> [Exercise input]
——————

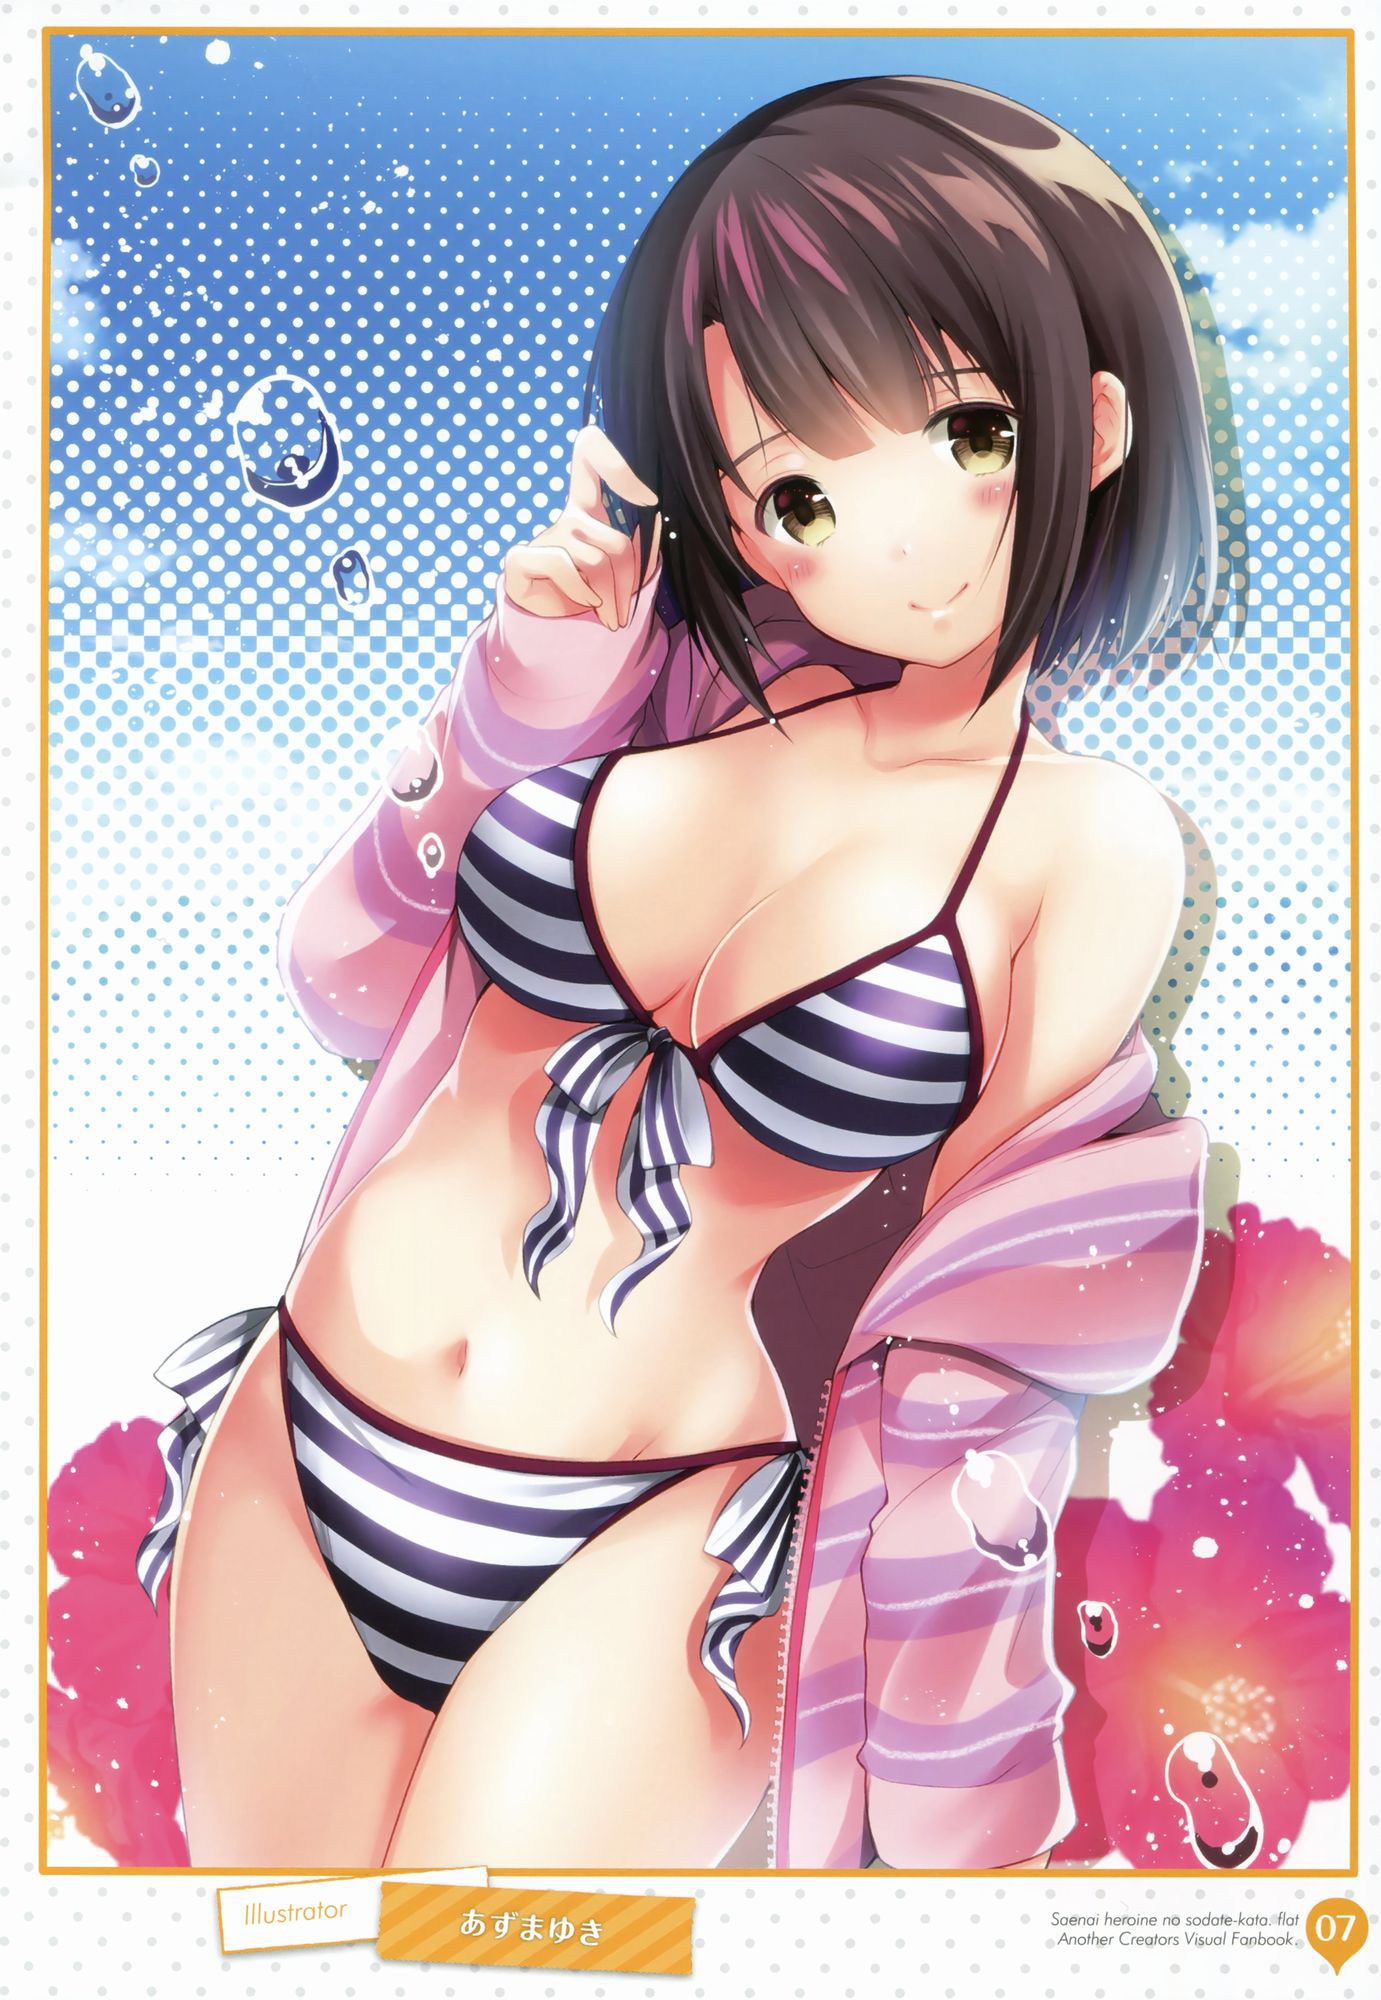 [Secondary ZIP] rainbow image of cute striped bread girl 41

——————

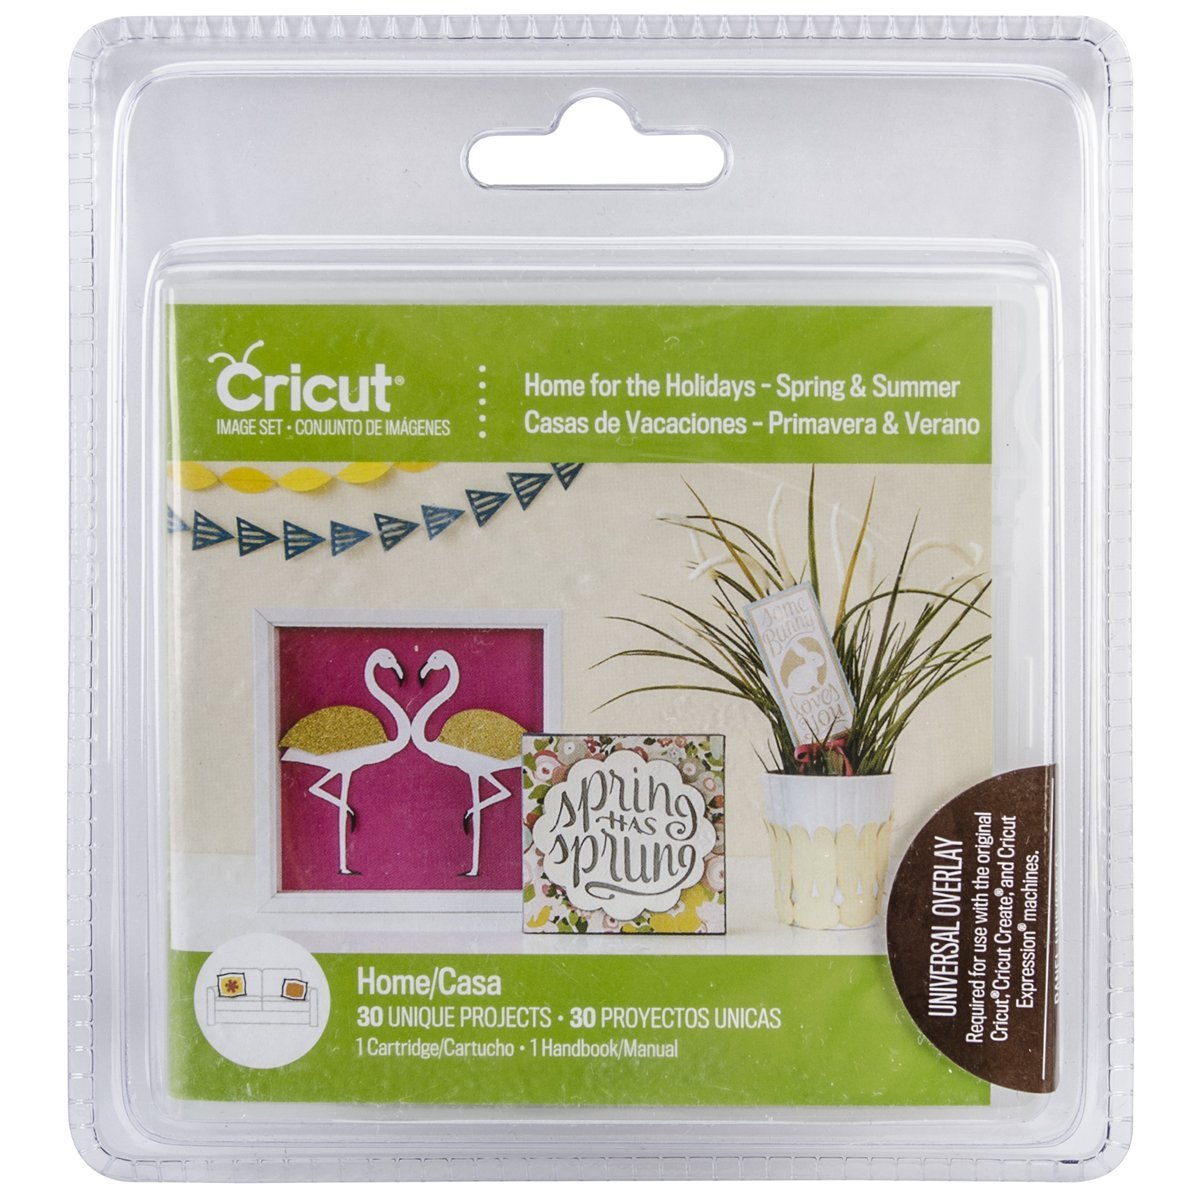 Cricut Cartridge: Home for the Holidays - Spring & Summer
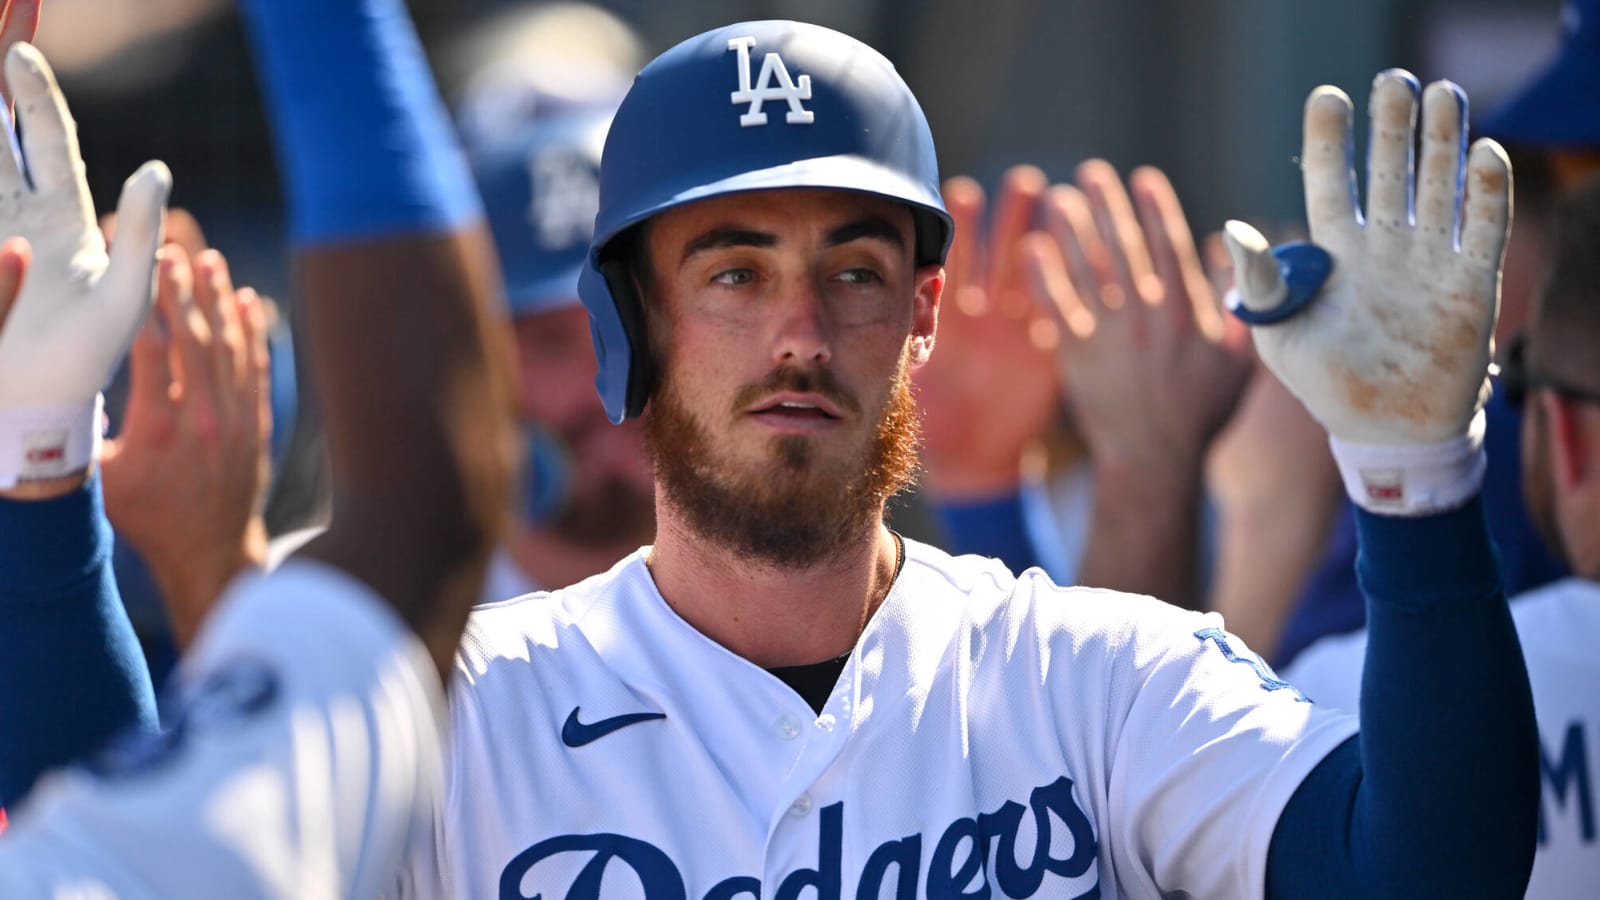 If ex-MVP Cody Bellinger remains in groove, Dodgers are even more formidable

——————

> [Directions for this task] I'd like the lines above repeated exactly, from the one that contains "Cricut Cartridge: Home" through the one that contains "If ex-MVP Cody", with no pictures.

> [Written response]
 Cricut Cartridge: Home for the Holidays - Spring & Summer
 If ex-MVP Cody Bellinger remains in groove, Dodgers are even more formidable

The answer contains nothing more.